While exemplary embodiments of the present invention have been described using specific terms, such description is for illustrative purposes only, and it is to be understood that changes and variations may be made without departing from the spirit or scope of the following claims.

Claims

1. A hotspot detection method for detecting a hotspot in a layout for a semiconductor device, comprising:

dividing a target analysis area into a grid based on layout data about the semiconductor device; and

determining whether the grid falls into a hotspot or not, based on the results from simulation, using at least a detection criterion concerning a direction perpendicular to a direction of film thickness.

2. The method according to claim 1, wherein another detection criterion concerning the direction of film thickness used in the determining.

3. The method according to claim 1, further comprising:

obtaining a step for each of divided grids by the simulation; and

obtaining an aspect ratio of the step,

wherein said hotspot is detected in compliance with the aspect ratio.

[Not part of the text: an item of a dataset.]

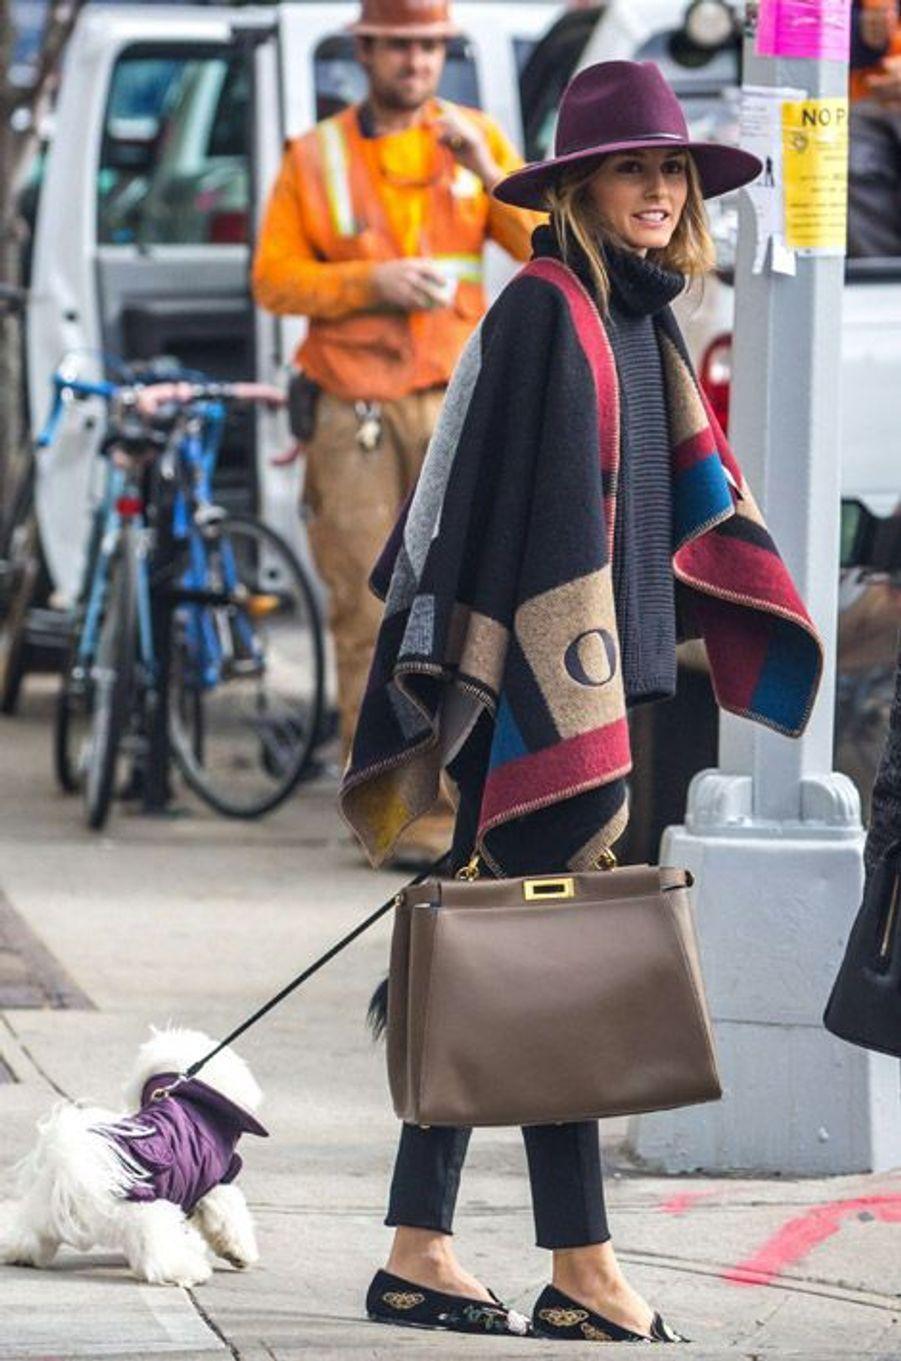 La styliste Olivia Palermo dans son poncho Burberry, le 21 octobre 2014 à New York

4. The method according to claim 1, further comprising:

obtaining a graphic density for each of divided grids by the simulation; and

obtaining an ratio of the graphic density between adjacent grids,

wherein said hotspot is detected in compliance with the ratio.

5. A hotspot detection method for detecting a hotspot in a layout for a semiconductor device, comprising:

detecting the hotspot using, in addition to a first detection criterion concerning a direction of film thickness, a second detection criterion concerning a direction perpendicular to the direction of film thickness.

6. The method according to claim 5, further comprising:

setting the first criterion and the second criterion.

7. A design method for a semiconductor device, comprising:

determining a layout for a semiconductor device by applying the hotspot detection method according to claim 1.

8. A design method for a semiconductor device, comprising:

determining a layout for a semiconductor device by applying the hotspot detection method according to claim 5.